I have tried using openCV’s findHomography however I am getting inaccurate results. I am trying to find the matrix T = A -> B where:
A: the coordinates of table corners in the raw image (see first image):
[[512.10633894 269.22351997] # Bottom corner
[325.78198672 236.36953072] # Left Corner
[536.67952727 199.18259532] # Top Corner
[715.21023044 214.80199122]] # Right Corner
B: Actual coordinates to map to (see second image):
[[152.5 0. ]
[ 0. 0. ]
[ 0. 274. ]
[152.5 274. ]]
T: Transformation matrix
[[-5.96154850e-01 -3.38096031e+00 9.92931129e+02]
[-5.59829402e-01 3.17495425e+00 -5.68494643e+02]
[-2.76038296e-04 -8.61104226e-03 1.00000000e+00]]
Using findHomography gives me the transformation matrix T, but when I input the original coordinates A I expect to get B but I end up with B’:
[[[-221 0 -1]]
[[ 0 0 -1]]
[[ 0 -235 0]]
[[-159 -285 -1]]]
This is of the correct magnitude so it seems like it’s doing something right but is nowhere near the accuracy I want, and for some reason all the values are negative which I don’t understand why. Why is B’ not equal to B?
Here is the relevant code:
T, status = cv.findHomography(img_corners, TABLE_COORDS, cv.RANSAC, 5.)
T_img = cv.transform(img_corners.reshape((-1, 1, 2)), T)
I have also tried changing the 5.0 parameter to something lower but without any luck…
EDIT: Turns out you rounded your output matrix too soon and forgot to "normalize" it with the last coordinate.
T_img /= T_img[:, 0, 2].reshape([4, 1, 1])
print(T_img)
Result seems fine if you ignore SC notation:
[[[ 1.5249998e+02 -1.8539389e-05 1.0000000e+00]]
[[-3.9001084e-06 -3.6695651e-06 1.0000000e+00]]
[[-1.1705048e-05 2.7400000e+02 1.0000000e+00]]
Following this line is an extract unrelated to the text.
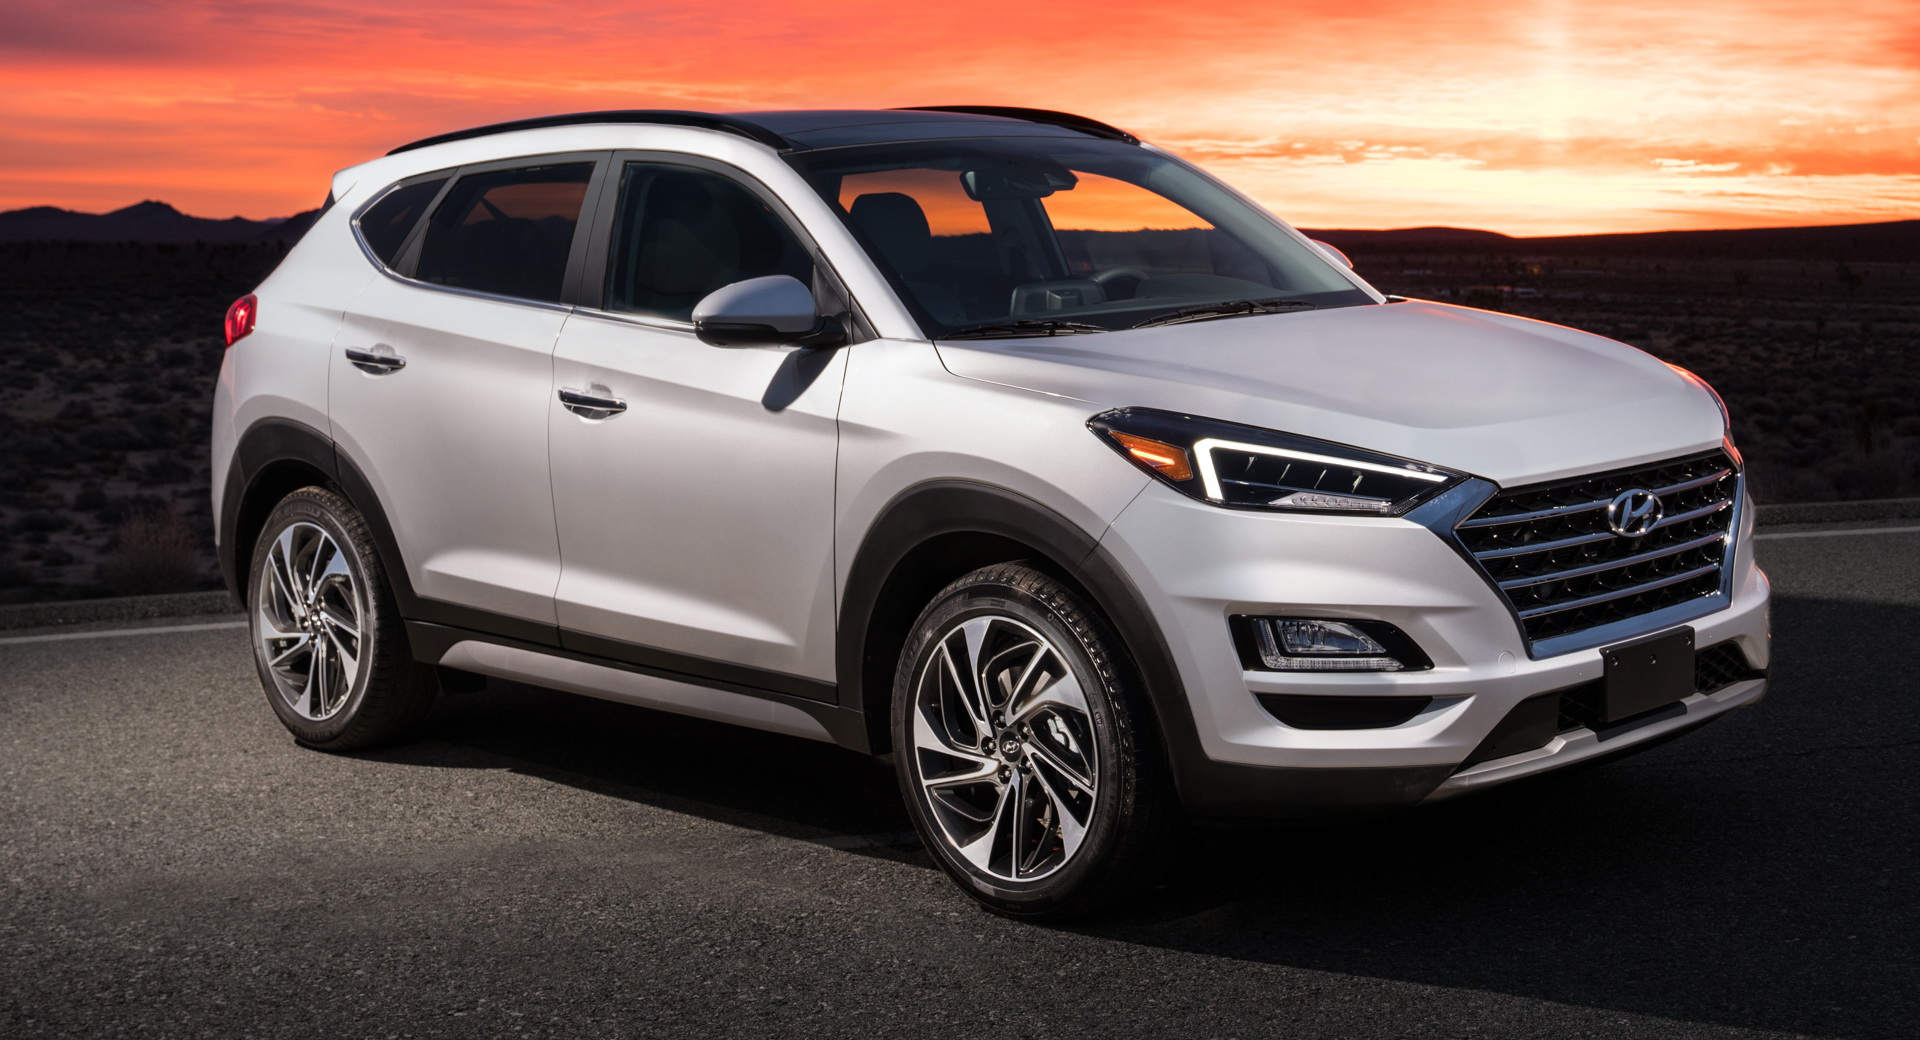 2020MY Hyundai Tucson Gets Refreshed Color Palette And Safety Gear |  Carscoops

[[ 1.5249997e+02 2.7399997e+02 1.0000000e+00]]]
Alternative way: I use getPerspectiveTransform instead, which should be doing same thing essentially.
input_pts = np.float32([ [512.10633894, 269.22351997], # Bottom corner
[325.78198672, 236.36953072], # Left Corner
[536.67952727, 199.18259532], # Top Corner
[715.21023044, 214.80199122]])
output_pts = np.float32([ [152.5, 0.0],
[ 0.0, 0.0],
[ 0.0, 274.0],
[152.5, 274.0]])
matrix = cv2.getPerspectiveTransform(input_pts, output_pts)
print(matrix)
Result:
[[-5.95356887e-01 -3.37643559e+00 9.92043065e+02]
[-5.58341286e-01 3.16651417e+00 -5.66569957e+02]
[-2.74644869e-04 -8.59569964e-03 1.00000000e+00]]
Let’s check now:
x = np.float32([512.10633894, 269.22351997, 1.0])
res = np.dot(matrix, x)
print(res)
print(res / res[2])
Result (remember it should be normalized with last coordinate):
[-221.85880447 0. -1.45481181]
[152.50000261 -0. 1. ]
Seems to be working.
I suspect your output vector somehow got rounded to int and lost all precision. The way you are asking about negatives also implies you forgot to "unscale" them.